Let's consider what we hope that this model learns: we want it to learn "similar representations (vectors)" for a given image and the caption describing it. Meaning that either we give it an image or the text describing it, we want it to produce same 256 sized vectors for both.

Check the cell below this code block for the continue of the explanations

class CLIPModel(nn.Module):
    def __init__(
        self,
        temperature=CFG.temperature,
        image_embedding=CFG.image_embedding,
        text_embedding=CFG.text_embedding,
    ):
        super().__init__()
        self.image_encoder = ImageEncoder()
        self.text_encoder = TextEncoder()
        self.image_projection = ProjectionHead(embedding_dim=image_embedding)
        self.text_projection = ProjectionHead(embedding_dim=text_embedding)
        self.temperature = temperature

    def forward(self, batch):
        # Getting Image and Text Features
        image_features = self.image_encoder(batch["image"])
        text_features = self.text_encoder(
            input_ids=batch["input_ids"], attention_mask=batch["attention_mask"]
        )
        # Getting Image and Text Embeddings (with same dimension)
        image_embeddings = self.image_projection(image_features)
        text_embeddings = self.text_projection(text_features)

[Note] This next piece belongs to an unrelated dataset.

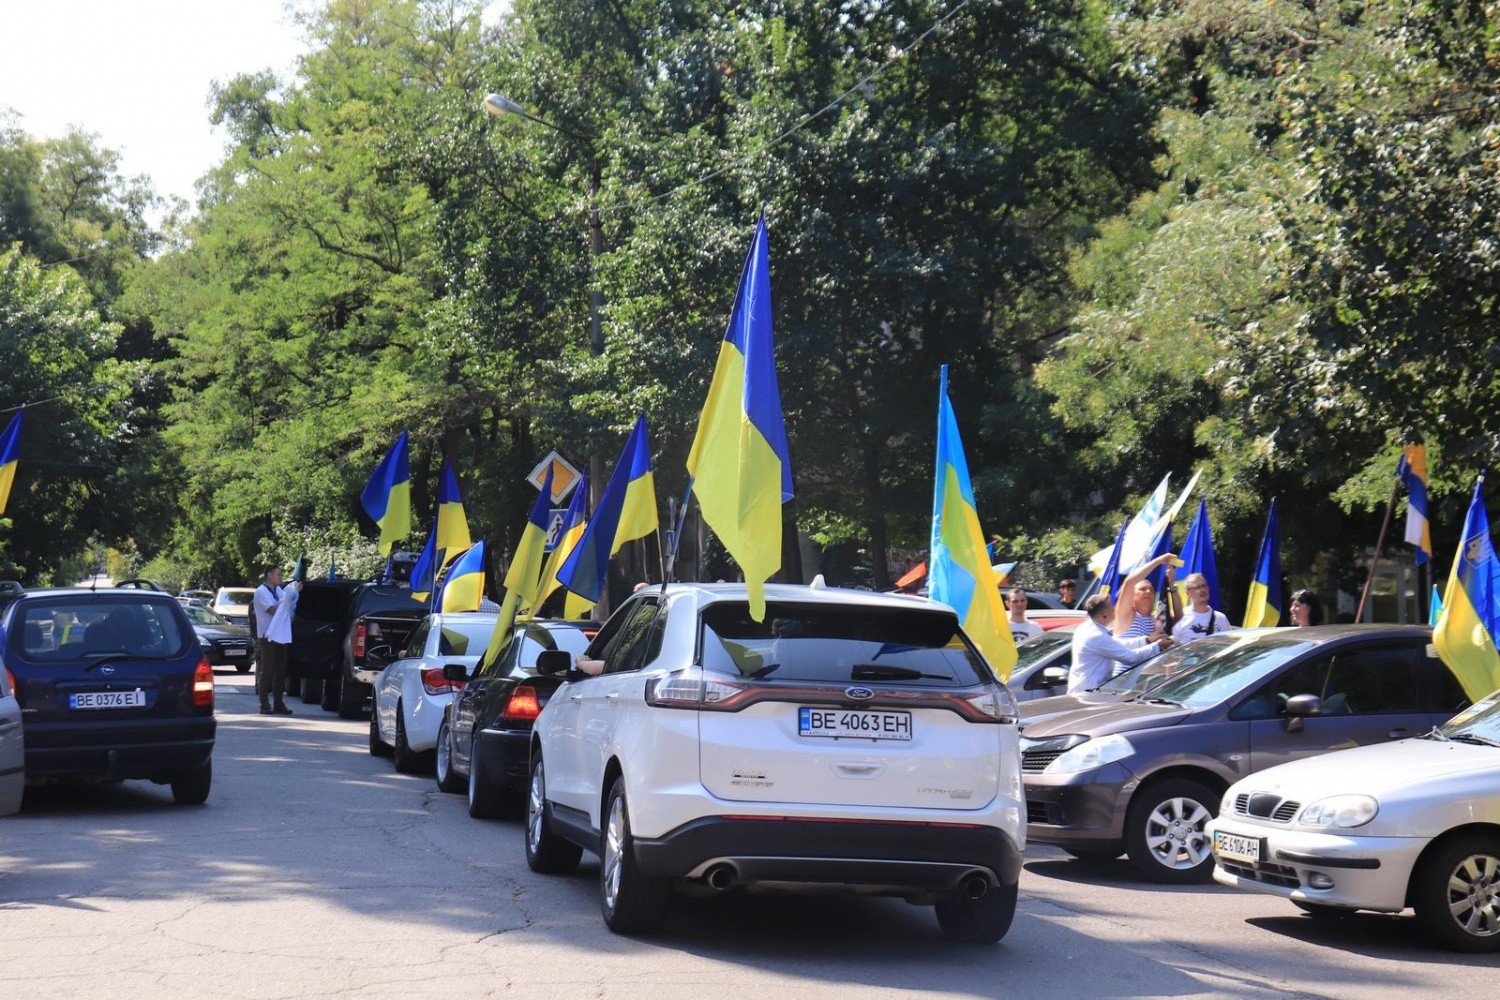 Uzmanību zibakcija! Auto Brīvības brauciens ar Ukrainas karogiem gar Krievijas vēstniecību. Aicināti visi! (Bilde 2)

        # Calculating the Loss
        logits = (text_embeddings @ image_embeddings.T) / self.temperature
        images_similarity = image_embeddings @ image_embeddings.T
        texts_similarity = text_embeddings @ text_embeddings.T
        targets = F.softmax(
            (images_similarity + texts_similarity) / 2 * self.temperature, dim=-1
        )
        texts_loss = cross_entropy(logits, targets, reduction='none')
        images_loss = cross_entropy(logits.T, targets.T, reduction='none')
        loss =  (images_loss + texts_loss) / 2.0 # shape: (batch_size)
        return loss.mean()


def cross_entropy(preds, targets, reduction='none'):
    log_softmax = nn.LogSoftmax(dim=-1)
    loss = (-targets * log_softmax(preds)).sum(1)
    if reduction == "none":
        return loss
    elif reduction == "mean":
        return loss.mean()

So, in the best case scenario, text_embeddings and image_embedding matricies should be the same because they are describing similar things. Let's think now: if this happens, what would the logits matrix be like? Let's see with a simple example!

# A simple Example

batch_size = 4
dim = 256
embeddings = torch.randn(batch_size, dim)
out = embeddings @ embeddings.T
print(F.softmax(out, dim=-1))

So logits, in the best case, will be a matrix that if we take its softmax, will have 1.0s in the diagonal (An identity matrix to call it with fancy words!). As the loss function's job is to make model's predictions similar to targets (at least in most cases!), we want such a matrix as our target. That's the reason why we are calculating images_similarity and texts_similarity matrices in the code block above.

Now that we've got our targets matrix, we will use simple cross entropy to calculate the actual loss. I've written the full matrix form of cross entropy as a function which you can see in the bottom of the code block. Okay! We are done! Wasn't it simple?! Alright, you can ignore the next paragraph but if you are curious, there is an important note in that.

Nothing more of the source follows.